Figuring a Gain
If you receive an insurance payment or other reimbursement that is more than your adjusted basis in the destroyed, damaged, or stolen property, you
have a gain from the casualty or theft. Your gain is figured as follows.
- The amount you receive (discussed next), minus
- Your adjusted basis in the property at the time of the casualty or theft. See Adjusted Basis, earlier, for information on
adjusted basis.
Even if the decrease in FMV of your property is smaller than the adjusted basis of your property, use your adjusted basis to figure the gain.
Amount you receive.
The amount you receive includes any money plus the value of any property you receive minus any expenses you have in obtaining reimbursement. It
also includes any reimbursement used to pay off a mortgage or other lien on the damaged, destroyed, or stolen property.
Example.
A hurricane destroyed your personal residence and the insurance company awarded you $145,000. You received $140,000 in cash. The remaining $5,000
was paid directly to the holder of a mortgage on the property. The amount you received includes the $5,000 reimbursement paid on the mortgage.
Main home destroyed.
If you have a gain because your main home was destroyed, you generally can exclude the gain from your income as if you had sold or exchanged your
home. You may be able to exclude up to $250,000 of the gain (up to $500,000 if married filing jointly). For information on this exclusion, see
Publication 523. If your gain is more than the amount you can exclude, but you buy replacement property, you may be able to postpone reporting the
excess gain. See Postponement of Gain, later.
Reporting a gain.
You generally must report your gain as income in the year you receive the reimbursement. However, you do not have to report your gain if you meet
certain requirements and choose to postpone reporting the gain according to the rules explained under Postponement of Gain, next.

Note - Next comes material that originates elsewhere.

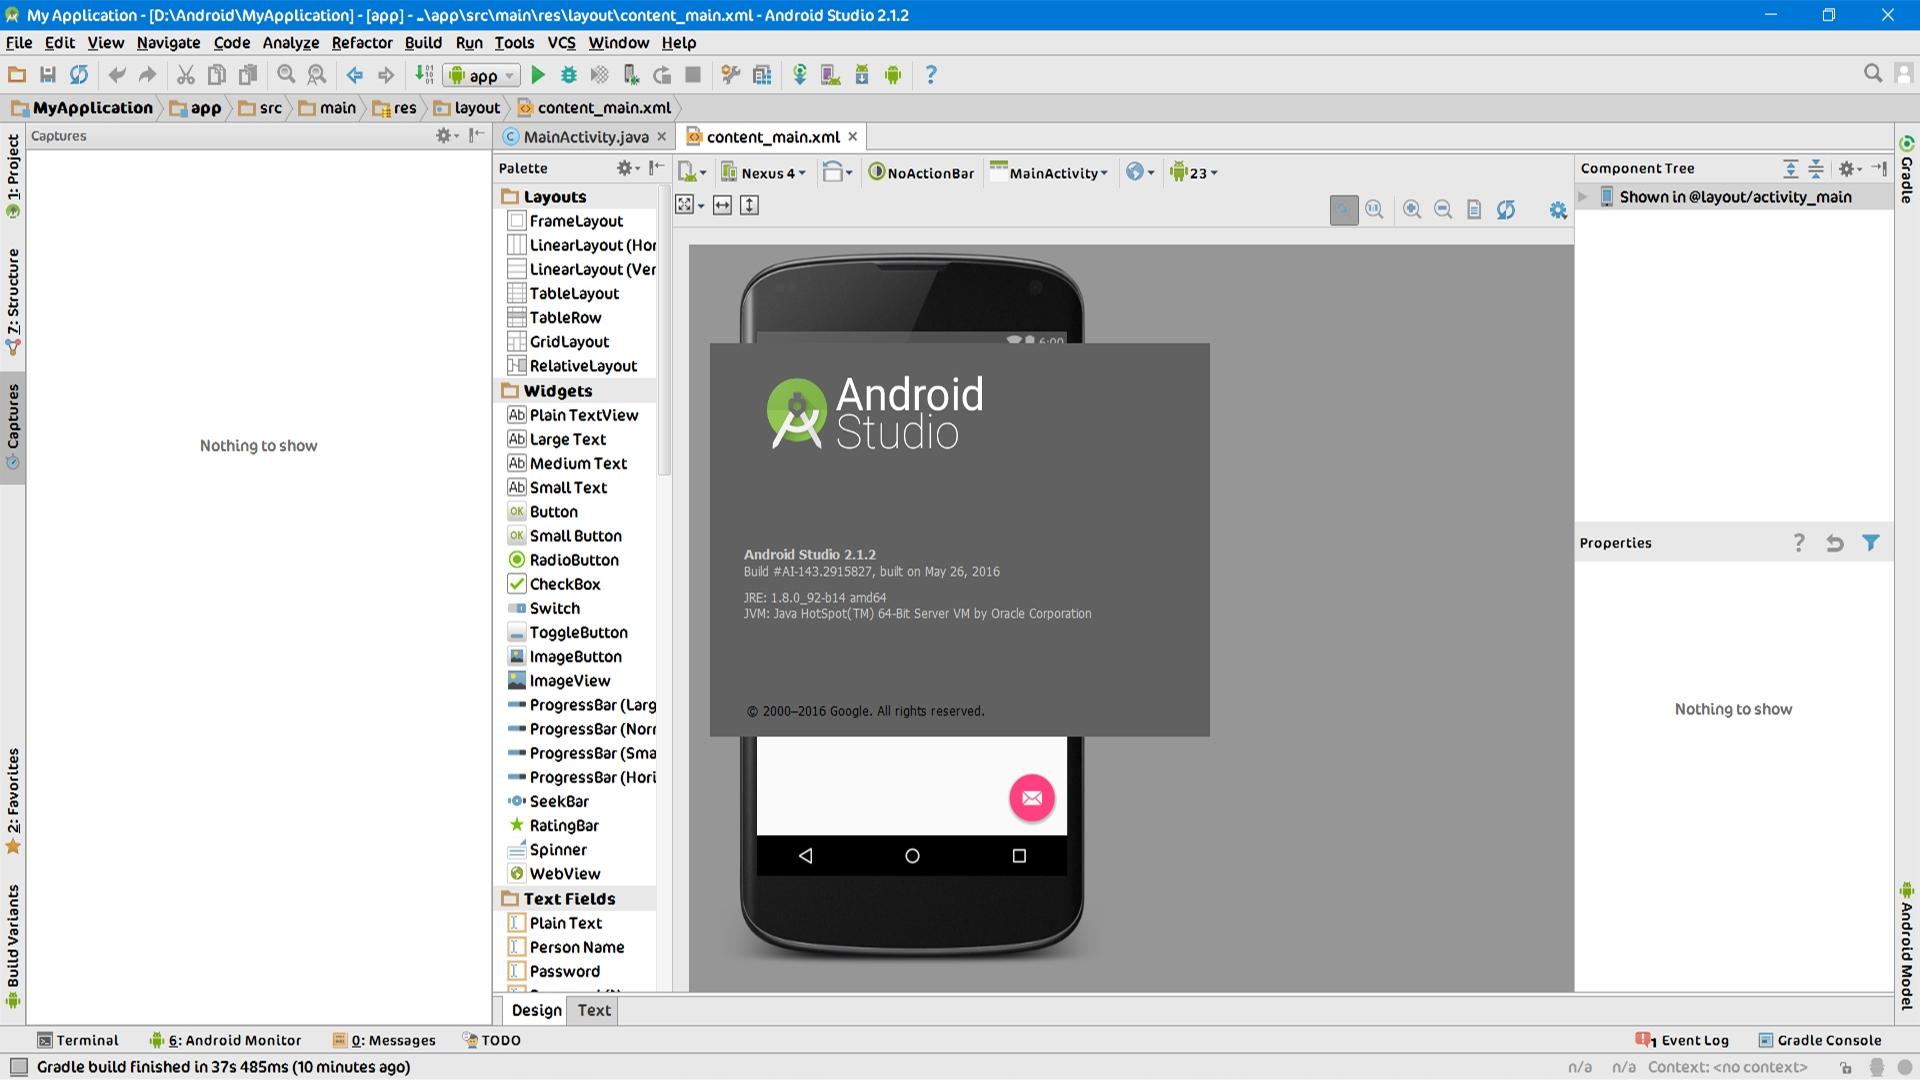 Скачать Праграму Android

For information on how to report a gain, see How To Report Gains and Losses, later.
If you have a casualty or theft gain on personal-use property that you choose to postpone reporting (as explained next) and you also have another
casualty or theft loss on personal-use property, do not consider the gain you are postponing when figuring your casualty or theft loss deduction. See
10% Rule under Deduction Limits, earlier.
Postponement of Gain
Do not report a gain if you receive reimbursement in the form of property similar or related in service or use to the destroyed or stolen property.
Your basis in the new property is generally the same as your adjusted basis in the property it replaces.
You must ordinarily report the gain on your stolen or destroyed property if you receive money or unlike property as reimbursement. However, you can
choose to postpone reporting the gain if you purchase property that is similar or related in service or use to the stolen or destroyed property within
a specified replacement period, discussed later. You also can choose to postpone reporting the gain if you purchase a controlling interest (at least
80%) in a corporation owning property that is similar or related in service or use to the property. See Controlling interest in a corporation,
later.
If you have a gain on damaged property, you can postpone reporting the gain if you spend the reimbursement to restore the property.
To postpone reporting all the gain, the cost of your replacement property must be at least as much as the reimbursement you receive. If the cost of
the replacement property is less than the reimbursement, you must include the gain in your income up to the amount of the unspent reimbursement.
Example.
In 1970, you bought an oceanfront cottage for your personal use at a cost of $18,000. You made no further improvements or additions to it. When a
storm destroyed the cottage this January, the cottage was worth $250,000. You received $146,000 from the insurance company in March. You had a gain of
$128,000 ($146,000 - $18,000).
You spent $144,000 to rebuild the cottage. Since this is less than the insurance proceeds received, you must include $2,000 ($146,000 -
$144,000) in your income.
Buying replacement property from a related person.
You cannot postpone reporting a gain from a casualty or theft if you buy the replacement property from a related person (discussed later). This
rule applies to the following taxpayers.
- C corporations.
- Partnerships in which more than 50% of the capital or profits interest is owned by C corporations.
- All others (including individuals, partnerships - other than those in (2) - and S corporations) if the total realized gain for
the tax year on all destroyed or stolen properties on which there are realized gains is more than $100,000.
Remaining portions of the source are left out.